Screenshot of the iLIR database BLAST results page. Using the ‘BLAST’ menu, the user has the possibility to blast the sequence of interest against the sequences for one or all organisms available in the database in order to identify similar putative LIRCPs. The results page gives the list of similar sequences and the position of the putative LIR motif is indicated with red asterisks. The ‘sp’ and ‘tr’ preceding the FASTA header of the sequences producing a significant alignment refer to UniProtKG/Swiss-Prot (reviewed and manually annotated sequences) and UniProtKG/TrEMBL (unreviewed, automatically annotated sequences from large-scale screens), respectively.

Finally, the ‘GO Annotation’ menu provides pre-computed information relative to the GO terms distribution for the LIRCPs identified for each organism. Three types of analyses are available: (i) The ‘GO Slim’ submenu directs users to a list of reduced GO terms and their abundance for each category in a specific organism. The user can sort the entries based on their counts or adjusted p-value. (ii) The ‘Distribution’ submenu directs users to a bar chart view of the GO terms distribution for each organism. (ii) The ‘Enrichment’ submenu permits the visualization of the proportion of entries for each GO term for the LIRCPs for any pair of species available in the iLIR database (Fig. S1).

Prediction of the LIR-containing proteins (LIRCP) in the proteome of model organisms

Using iLIR, a computational approach for predicting LC3-interaction regions in proteins, we identified putative LIRCPs from 8 model organisms (see Methods for details). We found that the proportion of putative LIRCPs varies between 4% to 7% of the total ORFs for each organism but we observed no correlation between the proportion of LIRCPs and the size of the proteome (number of ORFs) (Fig. 3 and Table 1).

Figure 3.

Representation of the number of ORFs (bar chart, plotted on the left axis) and percentage of putative LIRCPs identified (dot chart, plotted on the right axis) for each of the model organisms analyzed.

Table 1.

Summary of the numbers of putative LIRCPs and LIR identified for the 8 model organisms studied.

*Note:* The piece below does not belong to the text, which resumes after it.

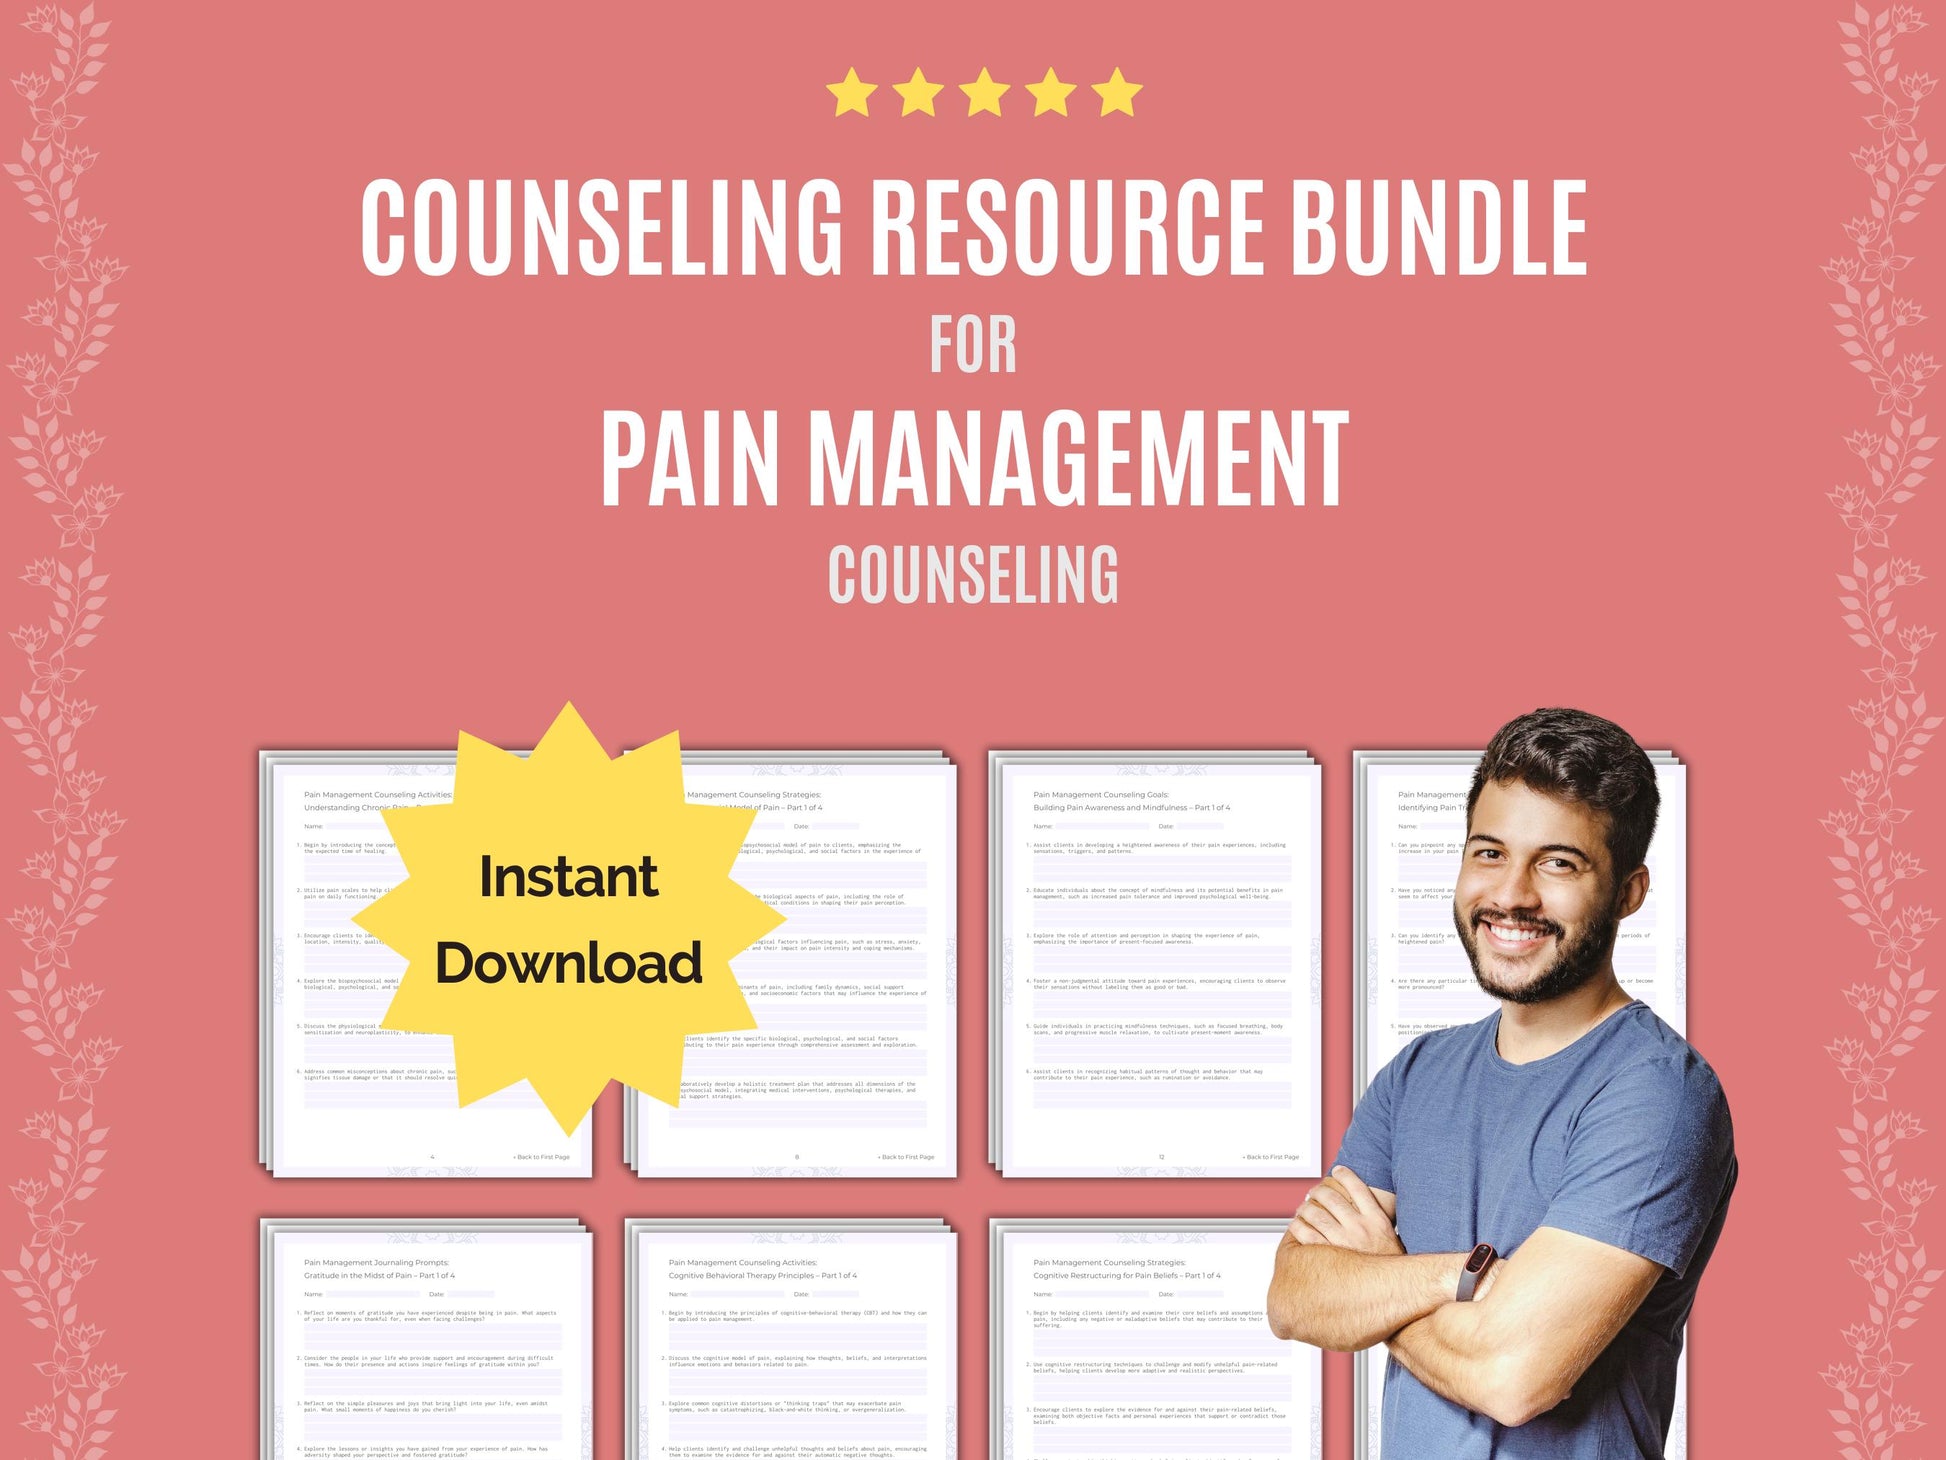 Pain Workbook, Pain Tool, Pain Worksheet, Pain Template, Management, Counselor, Therapist, Mental Health, Pain Resource, Pain Therapy, Pain Idea, Pain Counseling, Pain Bundle

		# ORF	# LIRCPs	LIR motifs	% LIRCPs	Ratio #LIRs:LIRCP
Human	Homo sapiens	88479	5204	6087	5.88	1.17
Mouse	Mus musculus	51130	3599	4218	7.04	1.17
Zebrafish	Danio rerio	41102	2571	3007	6.26	1.17
Arabidopsis	Arabidopsis thaliana	33350	1458	1592	4.37	1.09
Rat	Rattus norvegicus	28849	2068	2425	7.17	1.17
Worm	Caenorhabditis elegans	26595	1290	1526	4.85	1.18
Chicken	Gallus gallus	17864	1215	1400	6.80	1.15
Yeast	Saccharomyces cerevisiae	6693	332	363	4.96	1.09

Text-mining analysis for the identification of novel LIRCPs in mammals

In order to further investigate novel putative LIRCPs in mammals, we first concentrated on the human and mouse proteomes. Our batch analysis lead to the identification of 6087 and 4218 entries, respectively. Consecutively to the application of the statistical significance for each GO slim category for these organisms, we decided to eliminate the entries sorted as ‘non significant’ (adjusted p-value > 0.1) from the rest of the analysis. This procedure permitted us to sort a total of 1766 and 1976 entries for the human and mouse proteome, respectively, with a low to high significance level (p-adj ≤ 0.1). We made use of these significant hits for further analysis.

Previous studies have identified and described 31 proteins encoded by the human, yeast and Arabidopsis thaliana genomes involved in autophagy through their interaction with at least one protein belonging to the Atg8-family and containing a functional, verified LIR motif. However, the LIR motifs of a few of these proteins are not contained within an intrinsically disordered region such as human ATG4B or yeast Atg3 and Atg19. From the 31 verified LIRCPs, all 21 proteins with a LIR motif within an anchor region have been successfully identified in our computational analysis, thus validating the sorting procedure (these proteins constitute the group ‘A’ in the rest of the text) (Table S1).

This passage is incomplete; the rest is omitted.